Я лежал молча, боясь отогнать остатки сна и увериться, что эта серебристая фигура — лишь бесплотный отблеск луны. Но видение не исчезало. Волна теплой брахмы коснулась сердца, а вслед за этим прохладные, чуть влажные губы дотронулись до моего горячего лба.
— Лата, — прошептал я, — все-таки нашел… Ласковая грустная улыбка озарила ее лицо, а потом тьма снова занавесила мой телесный взор. Сквозь забытье я слышал два голоса, звучавших глухо, словно эхо, прорвавшееся из недр пещеры.
— Едва шевелится ваш повелитель брахмы, — ворчал чуть хриплый голос старика.
Ему отвечал нежный, струящийся, почти забытый голос той, которая осталась так же далеко, как и закрытая зонтом брахмы Дварака.
— Пять лет назад он не знал иного мира, кроме своей деревни. Он — один из последних, кто прошел посвящение в наших ашрамах, — говорил женский голос.
— Да, не повезло ему, — прозвучало в ответ, — восхищаться легендами о патриархах и героях, а, придя в братство, увидеть кровожадных властолюбцев и обессилевших старцев. Жаль, что война не пощадит даже таких молодых, только что прозревших. Жил себе парень в тихой деревне, горя не знал. Так нет же, привела ему карма Учителя. Теперь он обречен вместе с нами. А ведь он даже, наверное, не очень-то представляет, куда несет его поток жизни.
— А мы представляем? Туманные пророчества хороши в устах чаранов, а нам нужна истина, тогда, может, не придется погибать ни ему, ни нам. — Разве не за этим здесь ты и вот теперь Арджуна…
Мне на лоб легла прохладная нежная рука, отгоняющая туман забытья. Знакомая светлая сила… Цветущий жасмин, созвездия над головами, серебряное сияние серег и диадемы… Память о встрече с тобою, словно капля на донышке чаши… Л-А-Т-А!
— Смотри — он шевелит губами. Хочет что-то сказать? — услышал я снисходительно-озабоченный голос мужчины.
— Он уже с нами. Слава богам! — голос Латы звучал с неподдельной радостью. Волна теплоты и заботы нахлынула на меня, лаская и убаюкивая как руки любимой. Я плыл в этой теплой воде без мыслей и сил. С миром людей меня связывали лишь тонкие нити чувств. Вернее, одно тонкое, но яркое чувство серебряной струной звучало во мне, не давая моей душе покинуть этот мир. Я провалился в сон, ясно осознавая себя счастливым.

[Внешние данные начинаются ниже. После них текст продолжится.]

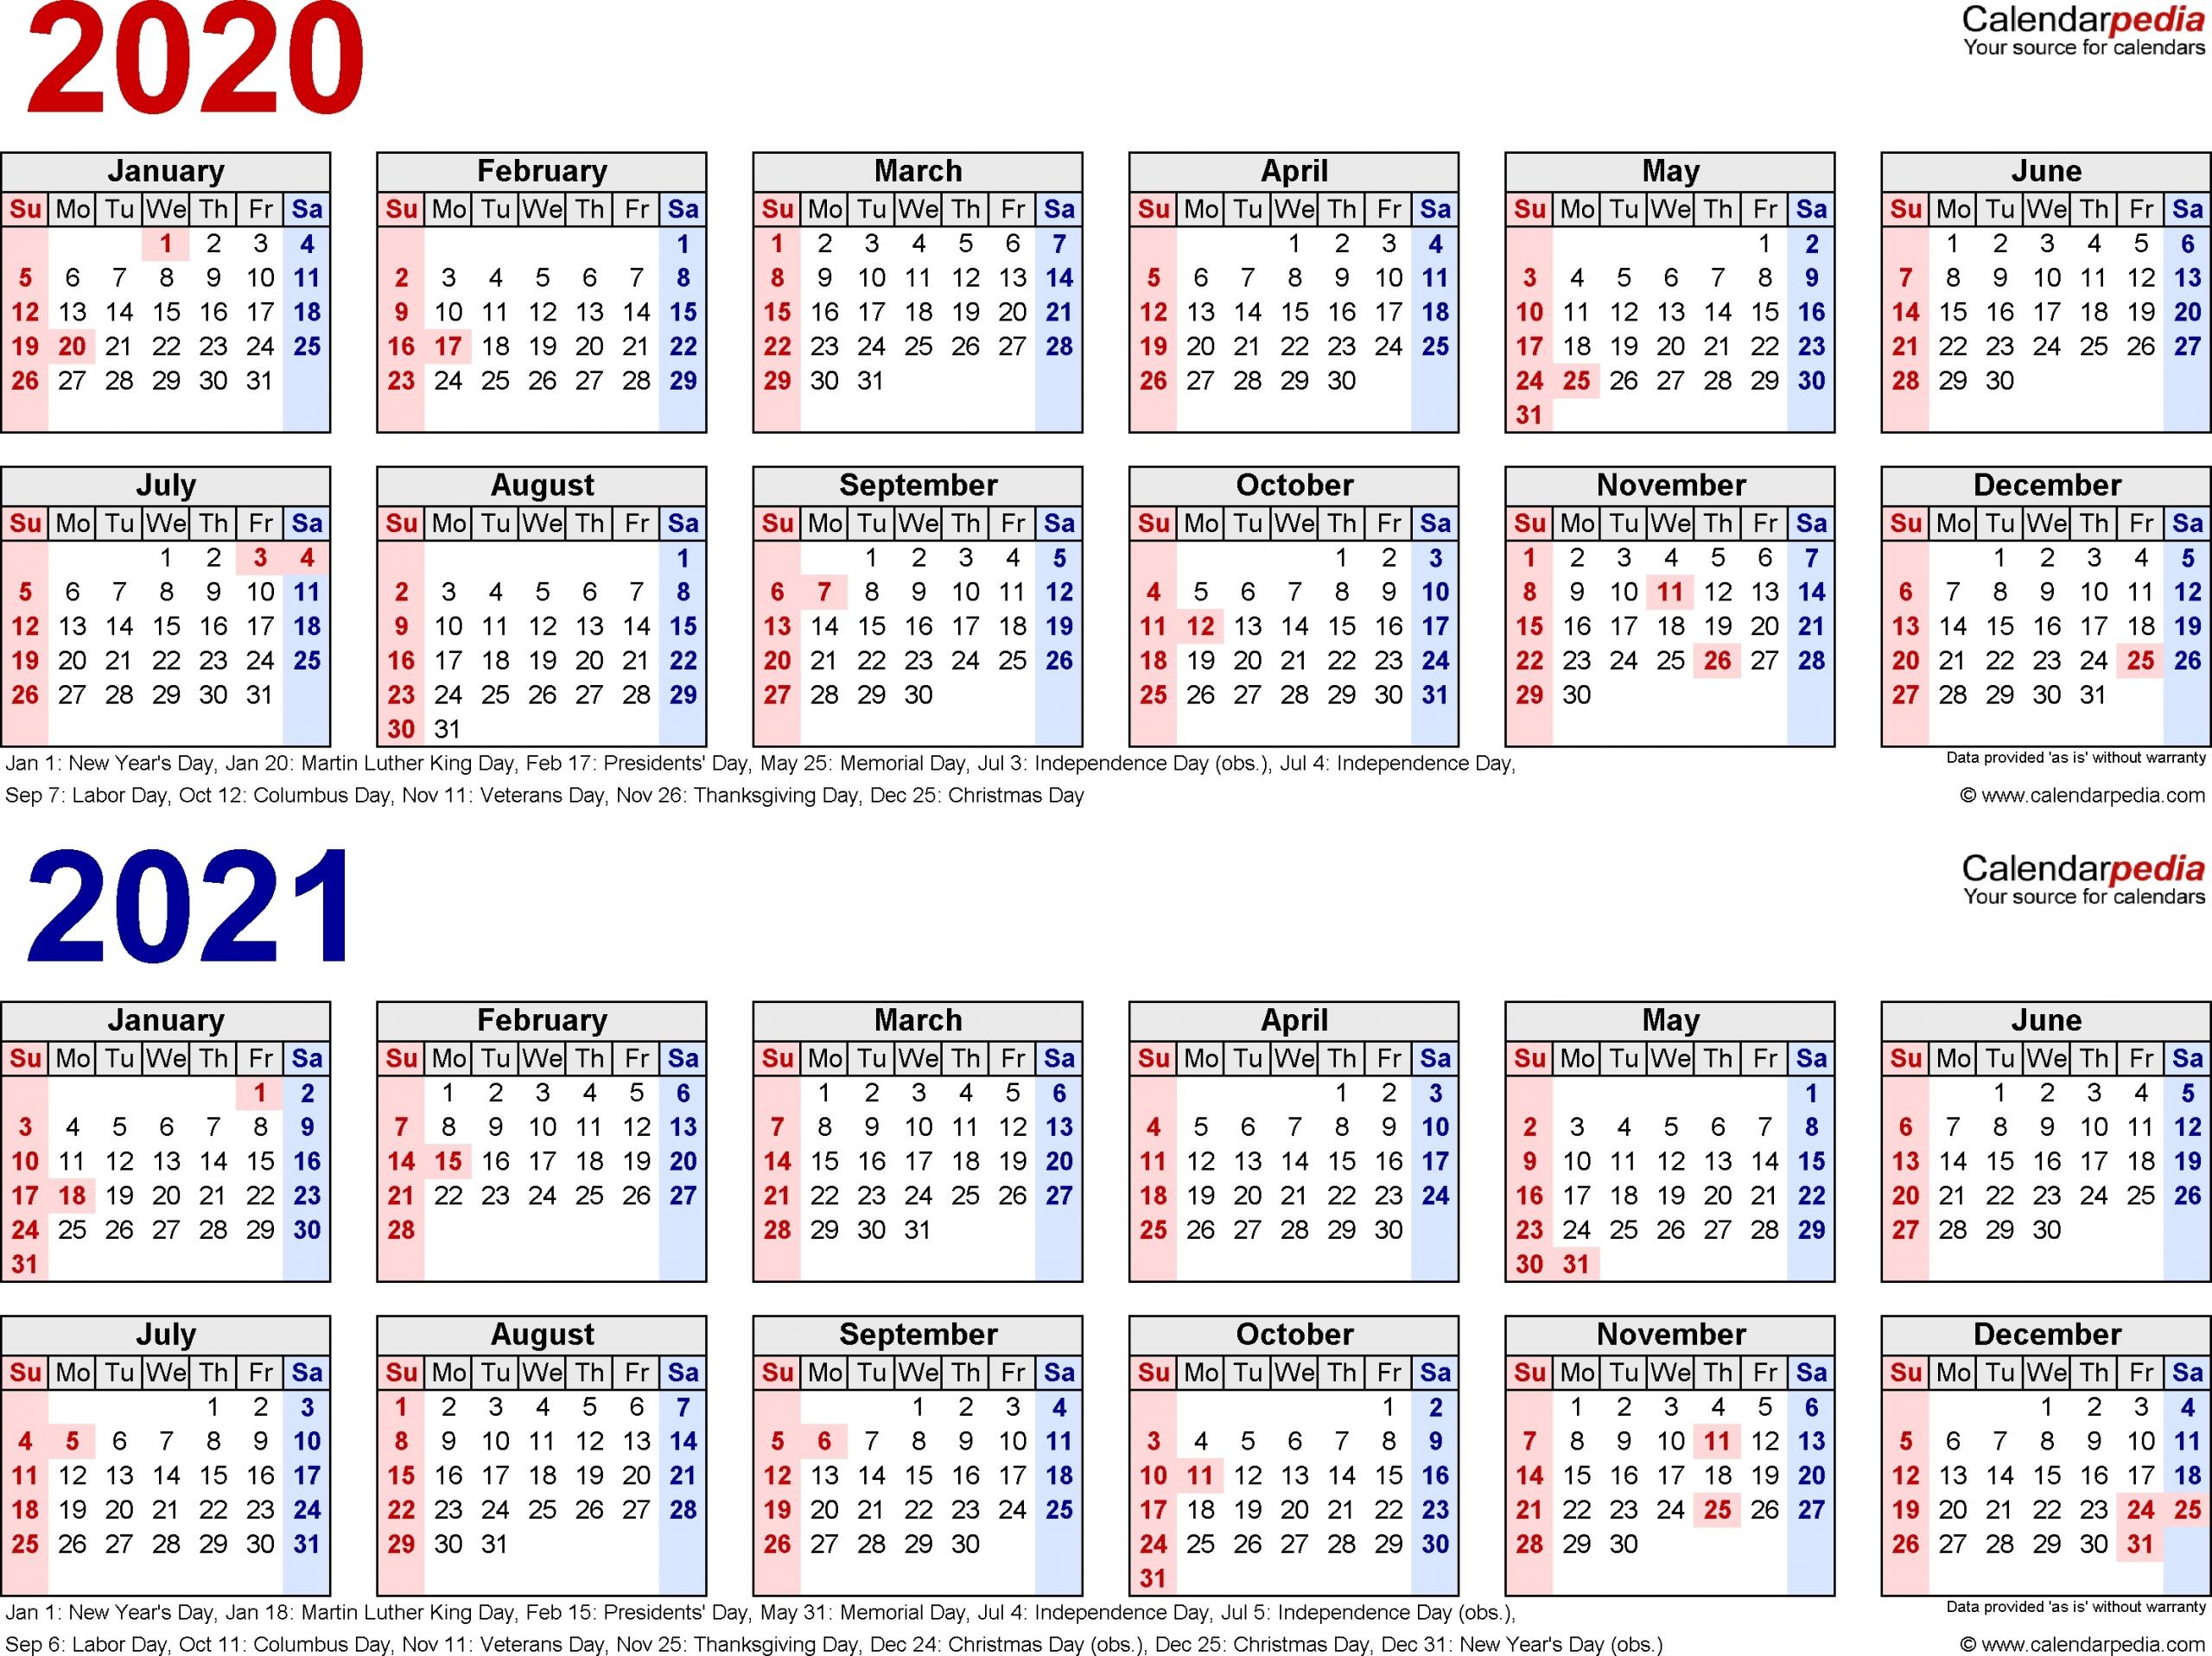 3 Year Calendar 2020 To 2021 | Month Calendar Printable-2021 Calnder By Week No Excel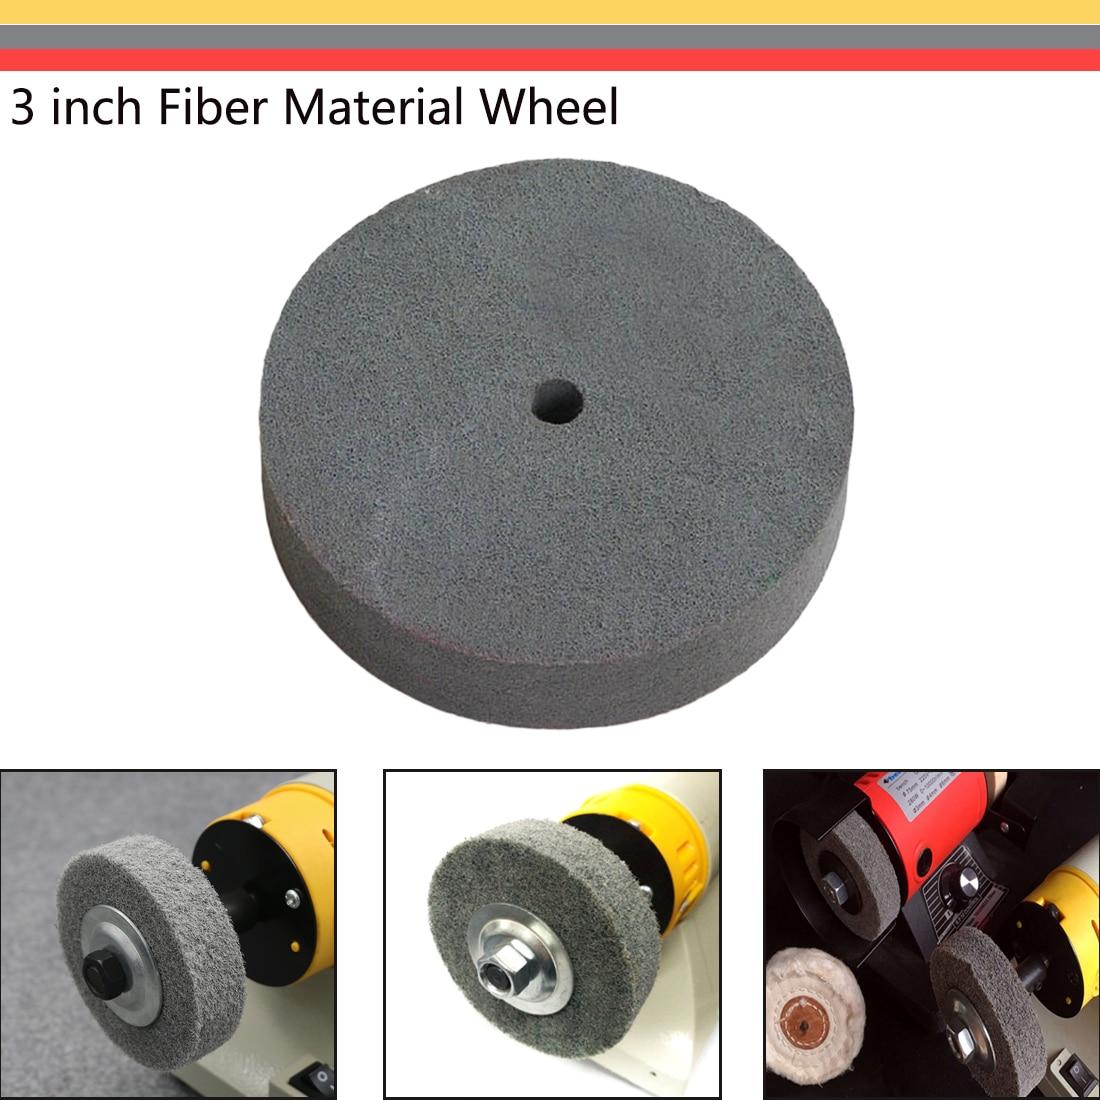 New Brand Original Import Abrasive Tool Polishing Tool 3 Inch Nylon Fiber Wheel Stainless Steel Table Mill Grinding Accessories

Утром мне показалось, что ночные голоса у моего изголовья были лишь наваждением майи. Но заскрипела дверь, и в комнату вошел старец, одетый в короткую юбку и пятнистую шкуру леопарда, а вслед за ним — Лата. Она была все так же молода и прекрасна. Горное солнце сделало ее кожу более смуглой, но зато ярче сияли на лице звездные глаза. Поговорить с Латой старый брахман мне не разрешил. Он завел длинный разговор о моей жизни в Хастинапуре, о том, что я ел и что думал, как часто погружался в самосозерцание и молился в храмах.
— Вы больны. — назидательно сказал брахман. — Расспрашивая вас, я пытался понять, в чем корень недуга. Слишком много обрушилось на вас в последние месяцы. Человек со зрячим сердцем не может находиться в городе, подобном Хастинапуру, не опасаясь сойти с ума. Жители Хастинапура защищаются от злых помыслов друг друга обычной человеческой тупостью. Вас же мог спасти только щит брахмы. Но тогда вы лишились бы и тех преимуществ, которые позволили вам так много понять и сделать… Вас буквально разорвала надвое воля Пандавов и Кауравов. Ваша открытость позволила вам остаться в живых. И все-таки сил едва хватило. Не знаю, зачем Арджуна взял вас с собой в горы. Телесные страдания при истощившихся душевных силах могли свести вас в царство Ямы.
Я увидел, как глаза Латы полыхнули белым огнем. Очень тихо она произнесла:
— Арджуна знал, что я жду Муни.
— Тогда понятно, — вздохнул брахман, — благие порывы часто приводят к трагедии, если дваждырожденный забывает о своей отрешенности от всех желаний.
— Пошел бы я за Арджуной, если б и вправду ничего не хотел… только и нашелся сказать я, — Что ни сделай, все отяготит карму.
— Тоже верно, — улыбнулся старик, — Из двух зол всегда выбирай то, которое ведет к познанию.
— Так что мы будем делать? — выдала свое нетерпение Лата.